John Terry will make soccer history for all the wrong reasons when he steps into a London courtroom Wednesday.
The captain of Chelsea in the English Premier League and the England national team must defend charges of committing a racially aggravated public order offense he is alleged to have made against opponent Anton Ferdinand of Queens Park Rangers on Oct. 23.
English soccer dates back a century and half, and never before has a player been prosecuted over words spoken on the field of play. While the maximum fine Terry can receive is $4,000 – a tiny fraction of his weekly wage – with no prospect of jail time, the case could have far-reaching repercussions.
If he is found guilty and finds himself with a criminal record, it would be virtually impossible for him to remain as part of the England squad, let alone be its captain. England’s Football Association has taken the strongest possible stance against racism, recently banning Liverpool’s Luis Suarez for eight games over words he aimed at Manchester United’s Patrice Evra.
Several members of the England team are black, and the FA has been outspoken in its criticism of rival fans that target its players on the road. Such a position could be compromised were it not to take action against Terry, should he be found guilty.
Furthermore, senior figures in English soccer voiced their outrage two months ago, when Sepp Blatter, president of world governing body FIFA, insisted soccer did not suffer from a racism problem.
[Podcast: Martin Rogers discusses the John Terry case]
Terry was stripped of the England captaincy once before. Two years ago he reportedly conducted an affair with the former girlfriend of national team colleague Wayne Bridge, and head coach Fabio Capello took swift action in replacing him as leader.
However, due to injuries to key players and his own fine form, Terry regained the armband soon after and has held it ever since. With the European Championships in Poland and Ukraine coming up in the summer, this saga could not have come at a worse time.
Another tricky conflict of timing was posed when the draw was made for the fourth round of the FA Cup, which will be held this weekend. Chelsea and London rival QPR were pulled out of the hat together, meaning Terry and Ferdinand will again go head-to-head.
Early suggestions that one or both players may withdraw from the game were quickly rebuffed, and several newspapers have reported Ferdinand may snub any pregame attempts to shake hands as a placatory gesture.
Prosecutors studied video of the initial incident, which appeared to show Terry saying two obscenities and the word "black." Terry has vowed to fight the charge “tooth and nail” and stated he is confident of proving his innocence. It is thought Terry will use Chelsea teammate Ashley Cole, a black player, as a character witness.
The Terry-Ferdinand saga adds intrigue to a local derby that would have held strong interest even without it. QPR is back in the top division of English soccer after a lengthy slump and is hoping for a continued upturn backed by big-spending owner Tony Fernandes.

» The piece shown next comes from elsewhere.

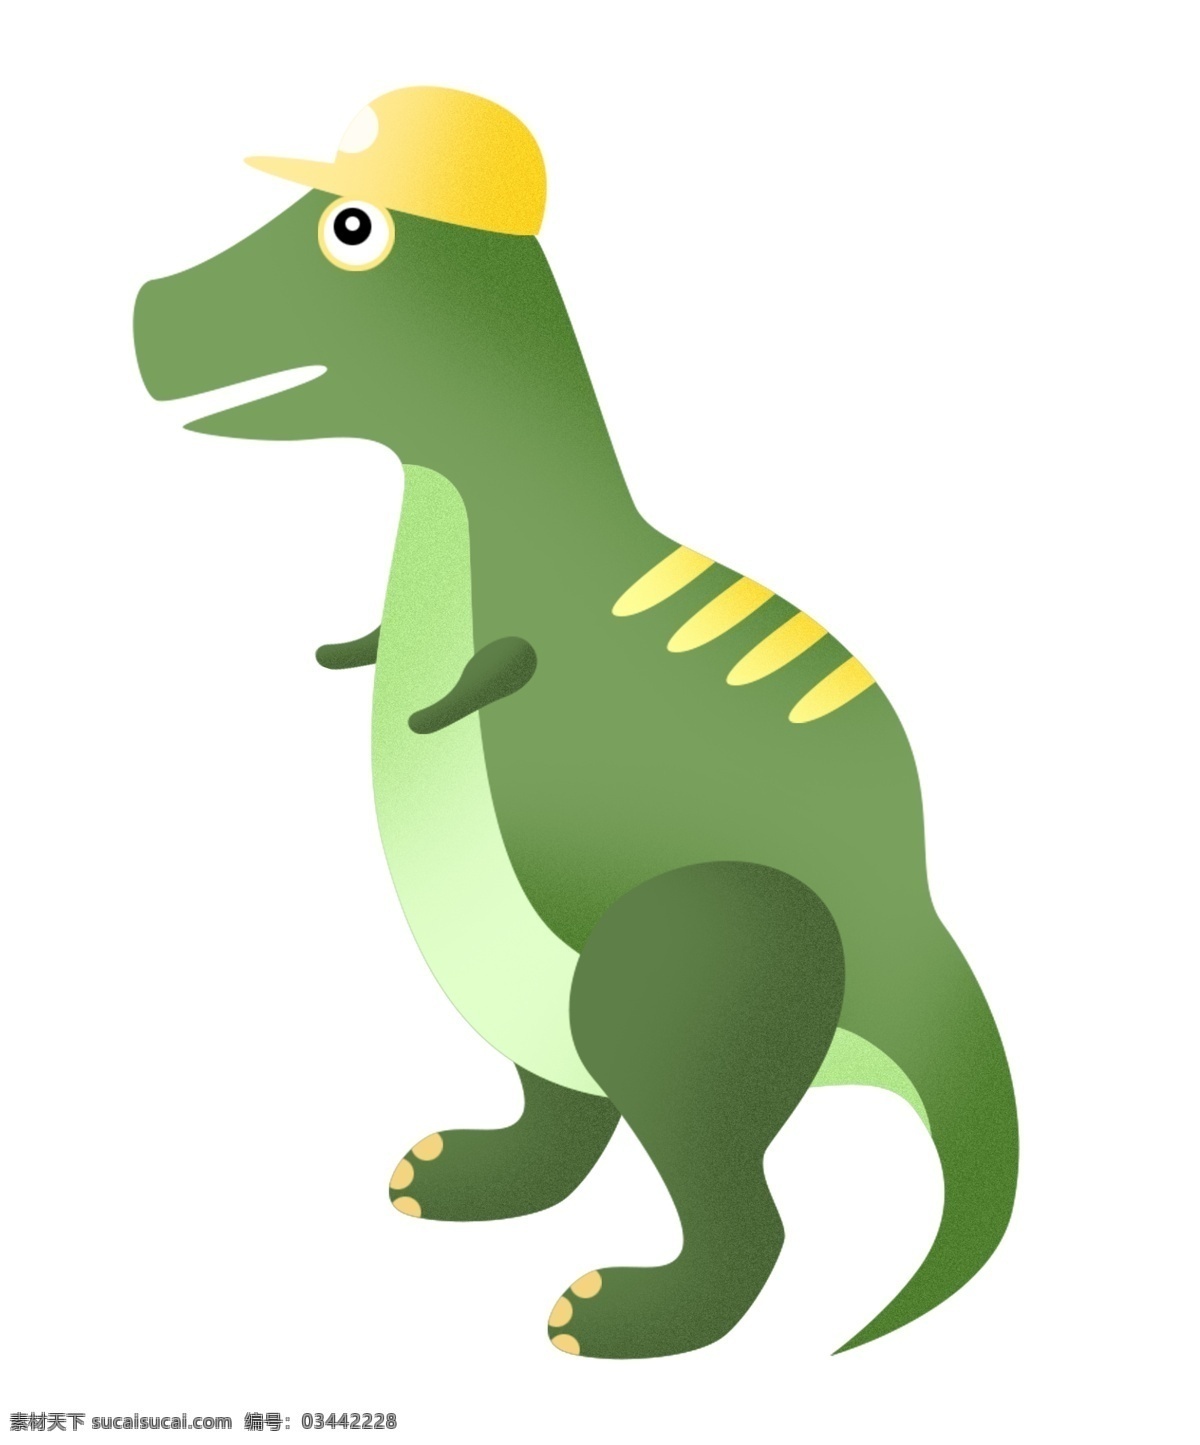 站立 行走 气 龙 插图 气龙 恐龙 恐龙插图 直立行走 卡通恐龙 动物

Chelsea, meanwhile, has fallen well off the pace in the race for the EPL title and realistically needs a strong run in the knockout stages of the Champions League to put together a campaign that would satisfy billionaire owner Roman Abramovich.
Extra security and policing has been brought in for this cup match, with officers fearing the tension between the clubs may spark trouble. QPR has warned that it plans to use closed-circuit television cameras to identify potential troublemakers, while Chelsea’s management and players have remained tightlipped for fear of making incendiary comments.